Summit Daily staff report
news@summitdaily.com

Pile burning will take place at several locations across the Eagle-Holy Cross and Dillon Ranger districts on the White River National Forest located in Summit and Eagle counties.

Fire managers from the Upper Colorado Interagency Fire and Aviation Management Unit (UCR) plan to take advantage of changing weather conditions to burn slash piles that are the result of multiple fuels reductions and hazardous tree removal projects, the agency said in a news release.

Pile burning will take place at several locations across the Eagle-Holy Cross and Dillon Ranger Districts on the White River National Forest located in Summit and Eagle counties.

Slash piles have been created for burning in project areas where other means of disposal were not feasible, the release said. Hazardous fuels reduction projects create fuel breaks that help reduce the risk of wildfire from encroaching on homes, while giving firefighters a better place from which to defend communities. Firefighters will spend the upcoming winter months burning piles in a number of locations across both districts.

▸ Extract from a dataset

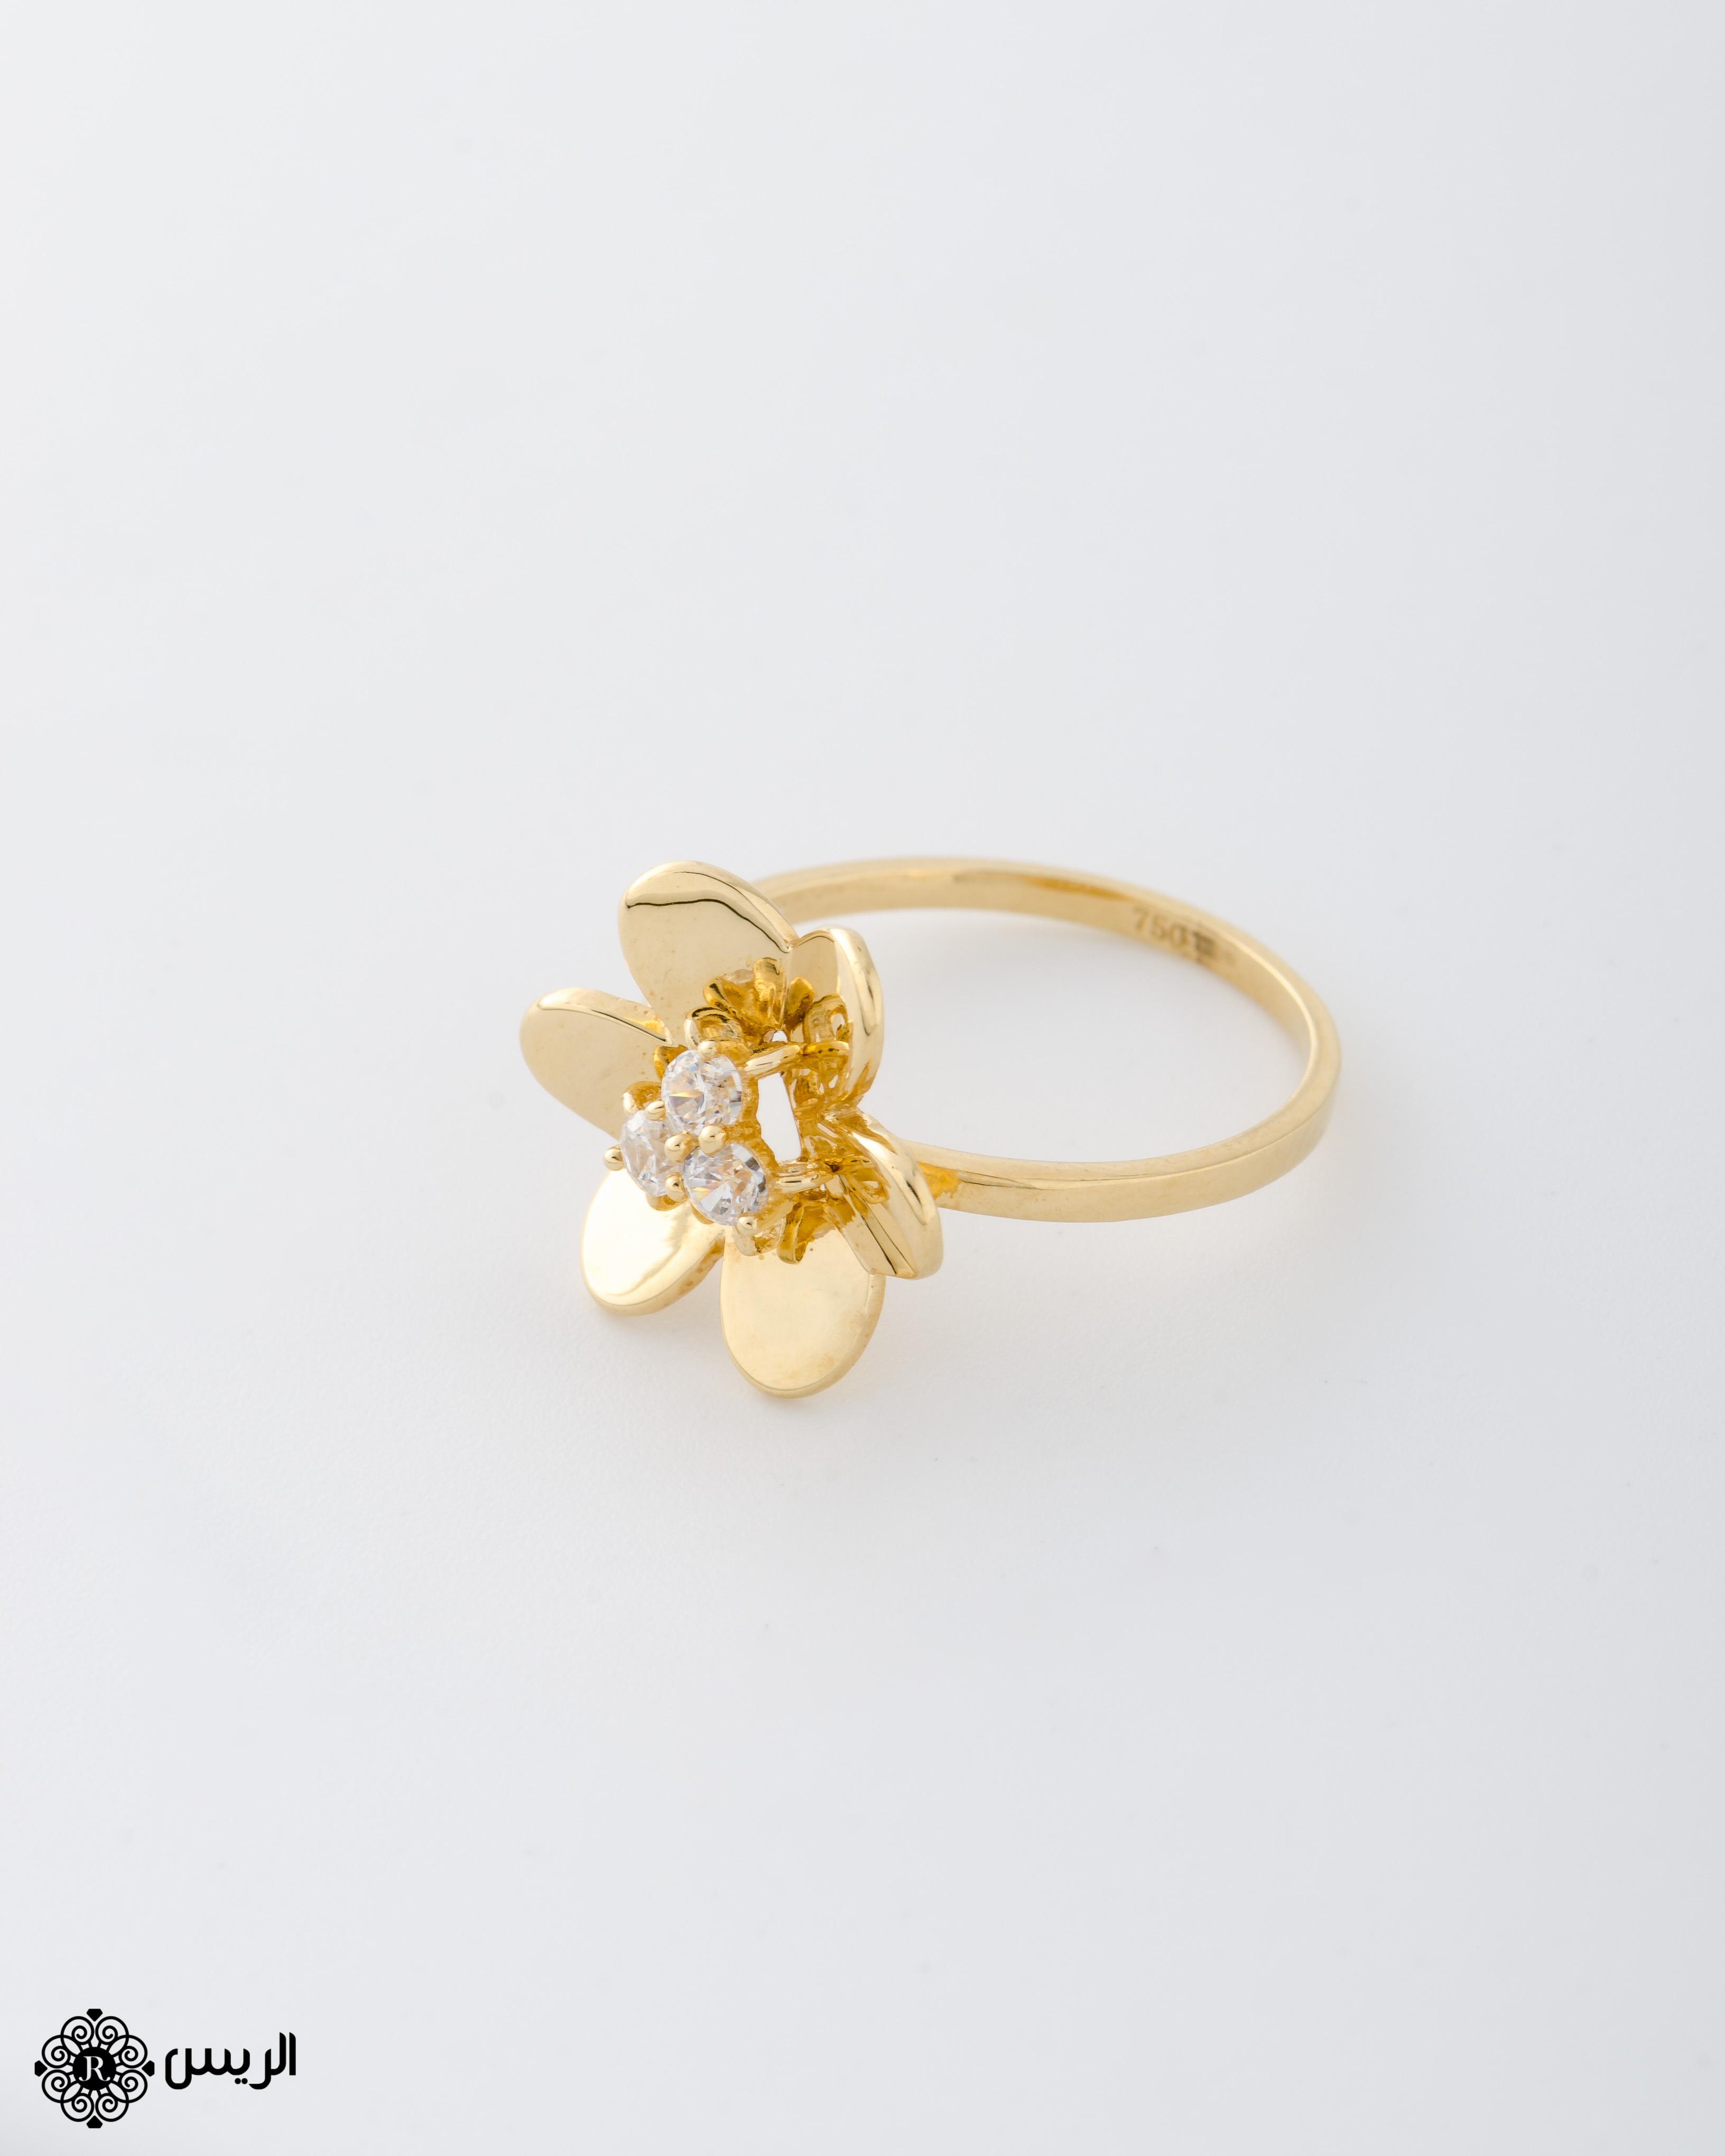 Raies jewelry Italian Design Flower Ring خاتم ورده تصميم إيطالي الريس للمجوهرات

Crews may burn ten to hundreds of piles per day, according to the release. These prescribed fires will be ignited when fuel, weather, and smoke dispersion conditions permit fire specialists to burn in an effective and safe manner. Additionally, when piles are burned with snow on the ground there is an extremely low chance of the fire spreading to adjacent vegetation. Local residents and travelers through the area should be aware of the likelihood of smoke arising from these areas.

Specific locations for pile burning when conditions warrant include: Ophir Mountain west of Farmer's Korner, Tiger Road and Highway 9, Barton Creek Road, Highlands subdivision in Breckenridge, the Spruce Valley Ranch and Indiana Gulch area, Mt. Powell Ranch and Brush Creek Ranch West of Highway 9, and the Peaks Trail and Miner's Creek area in Frisco.